CSS selectors in Scrapy are the fastest way to target repeated HTML elements when the response already contains the markup that should be extracted. They work well for links, cards, lists, and other page sections that can be identified from browser developer tools or from the fetched HTML itself.
Each Scrapy TextResponse exposes response.css() and returns a SelectorList that can be narrowed again or converted into values with get() and getall(). Scrapy and Parsel also add the non-standard ::text and ::attr(name) pseudo-elements, so one selector can pull text nodes, attributes, or nested matches from the same response.

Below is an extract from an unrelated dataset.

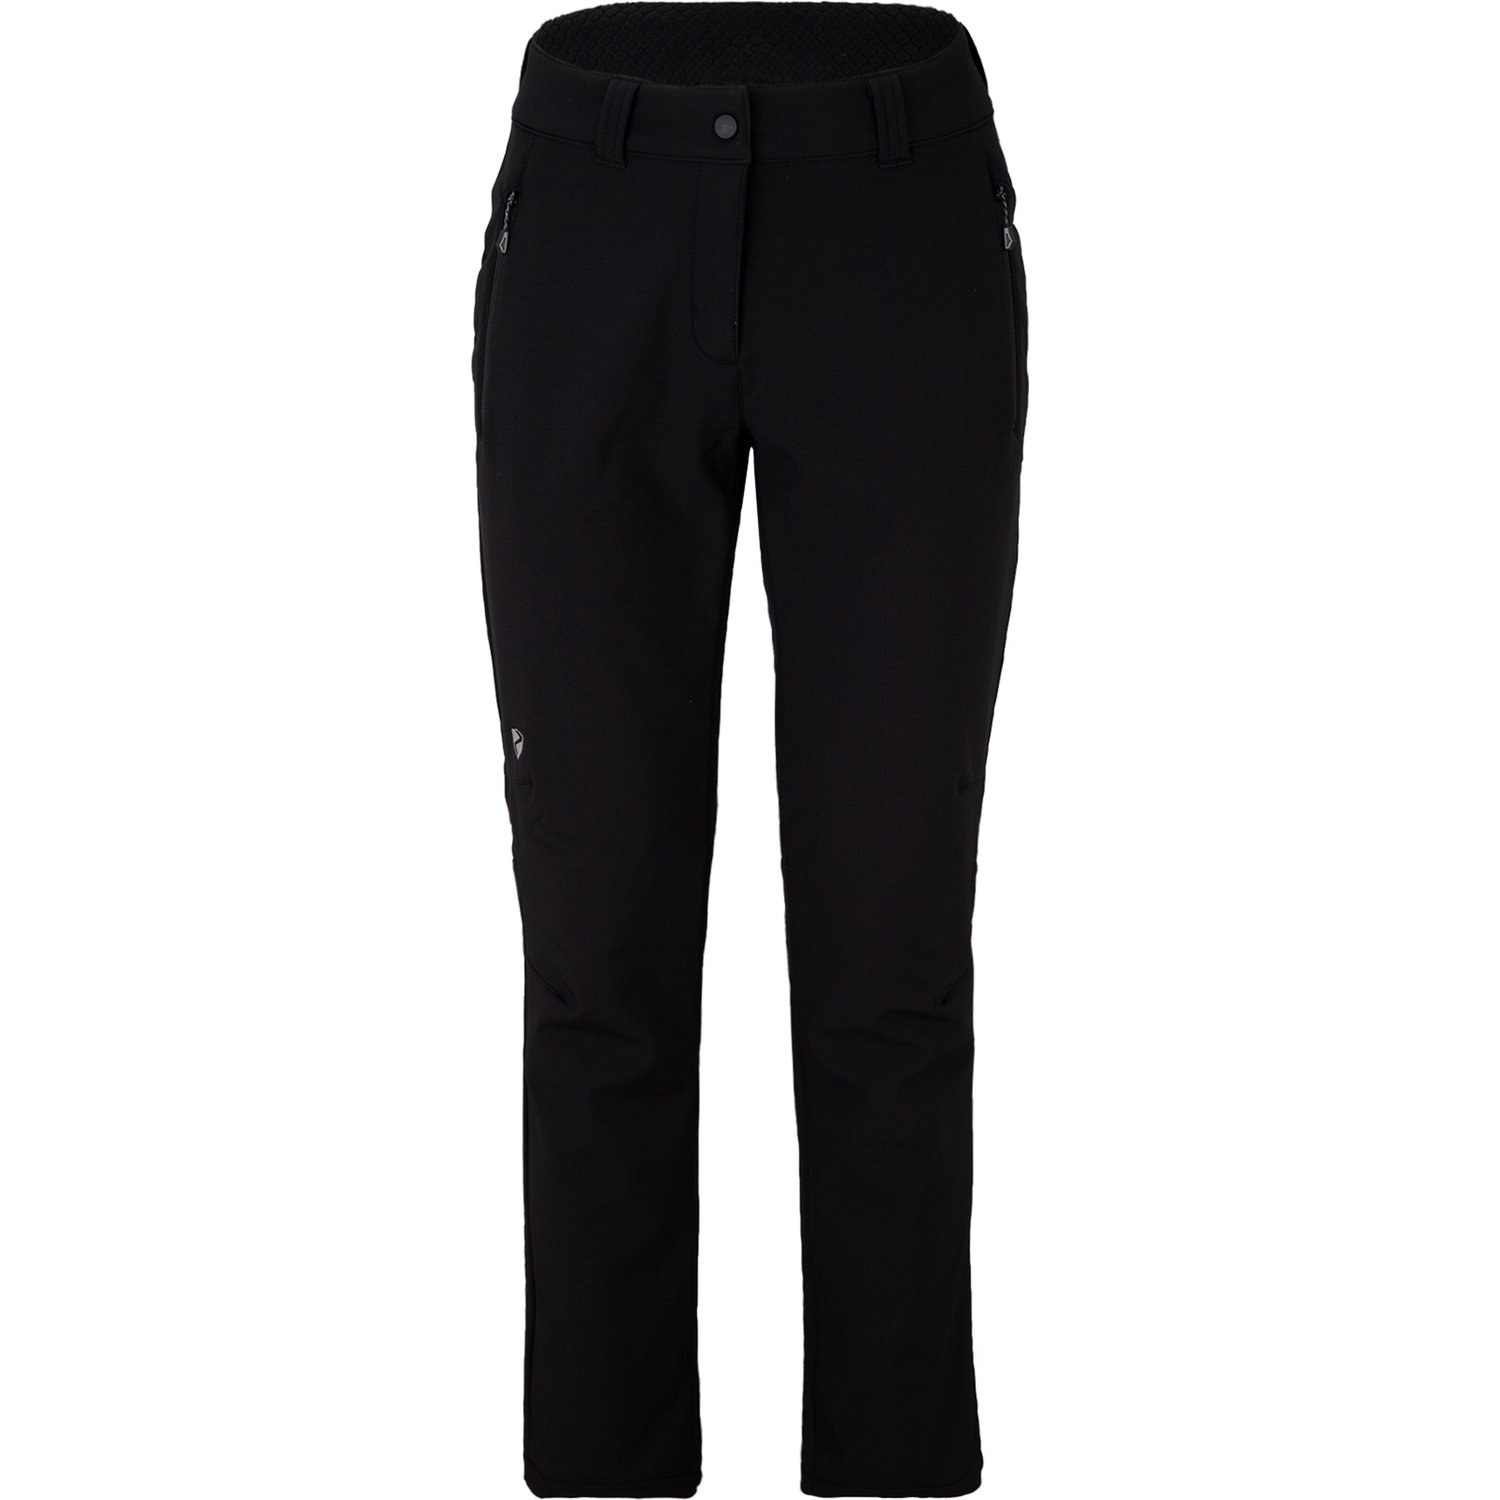 lady - Sport black - active), TALPA Klamser 44, Hosen (pants

CSS selectors run against the downloaded response body instead of a browser-rendered DOM, so JavaScript-only content can still leave the selector empty. Text extraction also returns raw text nodes rather than a cleaned sentence, which means nested tags, line breaks, and empty matches should be handled with a default before methods such as strip() are called.
Related: How to use Scrapy shell
Related: How to scrape an HTML table with Scrapy
$ scrapy shell 'https://docs.scrapy.org/en/latest/_static/selectors-sample1.html' --nolog [s] Available Scrapy objects: [s] request <GET https://docs.scrapy.org/en/latest/_static/selectors-sample1.html> [s] response <200 https://docs.scrapy.org/en/latest/_static/selectors-sample1.html> [s] Useful shortcuts: [s] fetch(url[, redirect=True]) Fetch URL and update local objects (by default, redirects are followed) ##### snipped ##### >>>
The shell loads the fetched page into response, so the same selector can move into parse() after it is verified.

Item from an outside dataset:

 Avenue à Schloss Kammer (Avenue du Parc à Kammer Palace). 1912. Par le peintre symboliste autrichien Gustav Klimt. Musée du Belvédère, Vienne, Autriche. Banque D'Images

>>> response.css("title::text").get()
'Example website'
get() returns the first match, while getall() returns a list of every match.
>>> len(response.css("#images a"))
5
response.css() returns a SelectorList, so a quick count catches selectors that are too broad or too narrow before field extraction starts.
>>> response.css("#images a::attr(href)").getall()
['image1.html', 'image2.html', 'image3.html', 'image4.html', 'image5.html']
::attr(href) is specific to Scrapy and Parsel rather than standard browser CSS. Related: How to use XPath selectors in Scrapy
>>> response.css("#images a::text").getall()
['Name: My image 1 ', 'Name: My image 2 ', 'Name: My image 3 ', 'Name: My image 4 ', 'Name: My image 5 ']
::text returns text nodes exactly as they appear in the response, so trailing spaces and text split around tags such as <br> are normal.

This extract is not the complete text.